Ján Tomko wrote:
[cc: Guido]
On Sat, Jul 01, 2017 at 02:18:58PM +0400, Roman Bogorodskiy wrote:
> Andrea Bolognani wrote:
>> virnetsockettest also fails pretty often for me, certainly
>> more than your figure; even if that wasn't the case, 1/5
>> failure rate is way too high for a CI job.
>
>I played a little more with virnetsockettest to get real stats and
>figured the following:
>
> 1. On my desktop (i5) and laptop (i3), I didn't get any failures in 50
> 'check' runs
> 2. On a VM that I use to run test builds in Jenkins, out of 50 runs it
> fails from 1 to 6 times; I did this test a couple of times and either I
> was lucky or failure rate is higher when my Jenkins perform regular
> builds.
>
>Anyway, I'll try to find a way to debug what's going on with
>virnetsockettest.
>
IIRC Debian disabled this test years ago.
Guido, have you ever discovered the cause?
Jan
I made some experiments on the weekend, and here are my results:
On a box where test fails from time to time, it fails at this point:
virObjectUnref(csock);
for (i = 0; i < nlsock; i++) {
if (virNetSocketAccept(lsock[i], &ssock) != -1 && ssock) {
char c = 'a';
if (virNetSocketWrite(ssock, &c, 1) != -1 &&
virNetSocketRead(ssock, &c, 1) != -1) {
VIR_DEBUG("Unexpected client socket present"); <--- HERE
goto cleanup;
}
}
virObjectUnref(ssock);
ssock = NULL;
}
On a box where this test never fails, it reaches this block, but:
* virNetSocketWrite(ssock, &c, 1) != -1
* virNetSocketRead(ssock, &c, 1) == -1
It's enough to make the test pass. On a failing box both Write() and Read()

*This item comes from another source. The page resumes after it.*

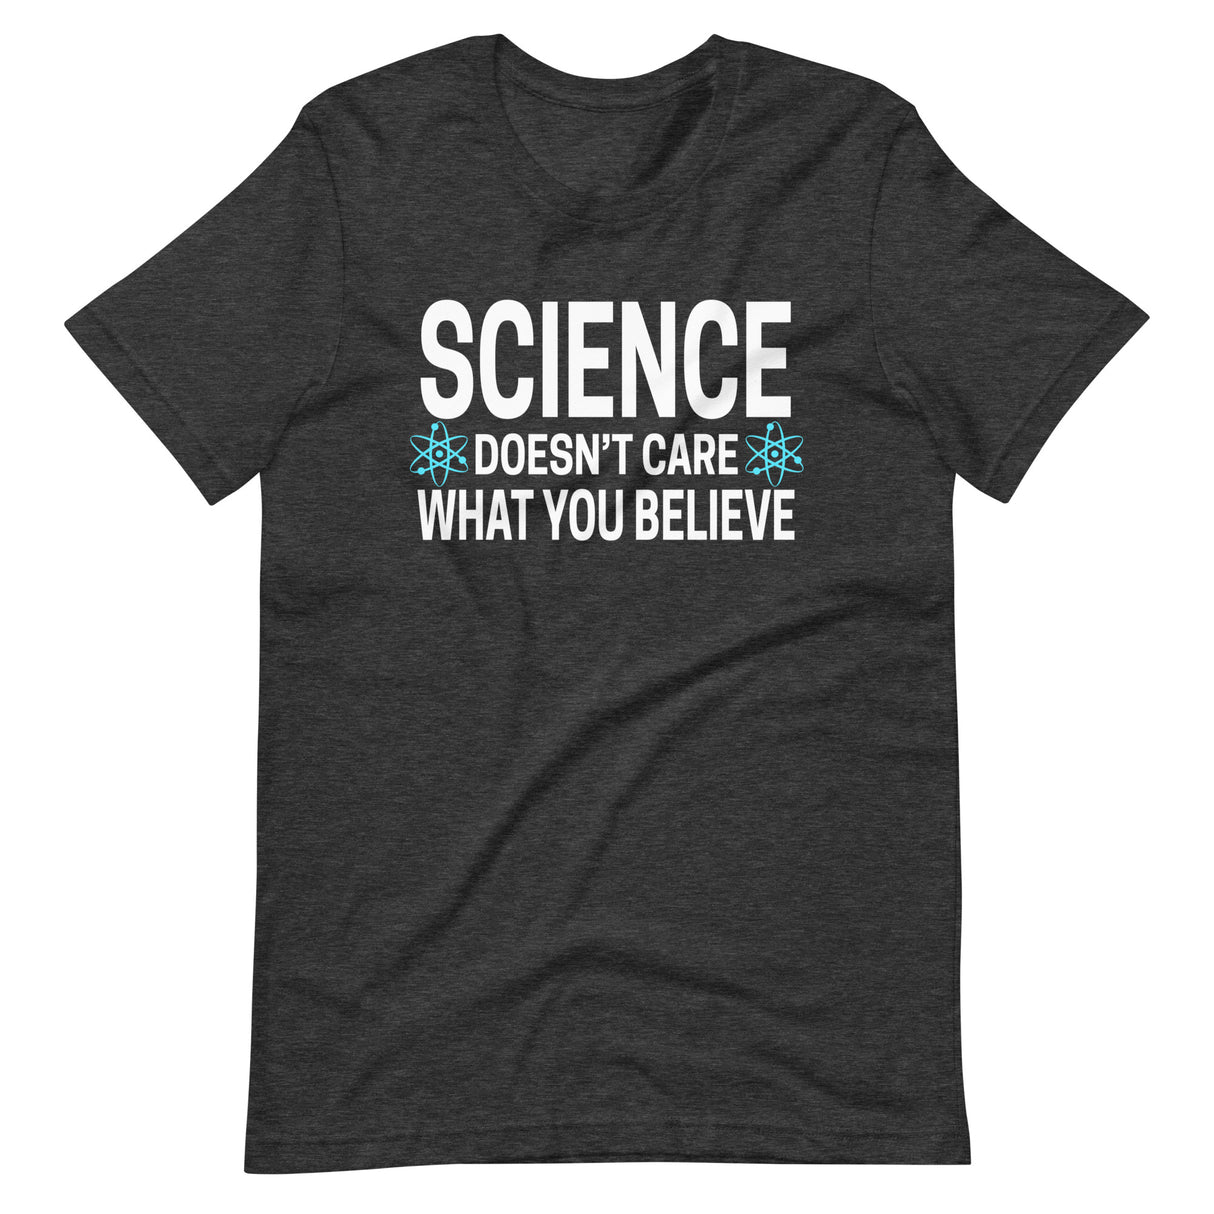 Science Doesn't Care What You Believe Shirt

return != -1 when the test fails.
I'm not quite sure what this specific block is testing though. My guess
was that calling "virObjectUnref(csock);" will destroy the client socket
and Accept() will not work (this should also make the test pass I
guess).
Anyway, I tried to insert sleep(1) right after virObjectUnref(csock),
the one before the virNetSocketAccept() call,
and the test stopped failing. I've started it in a loop like:
while test $? -eq 0; do ./virnetsockettest; done
and actually forgot to stop, so it's running since Saturday without
failures.
I've haven't had a chance yet to debug it further.
Roman Bogorodskiy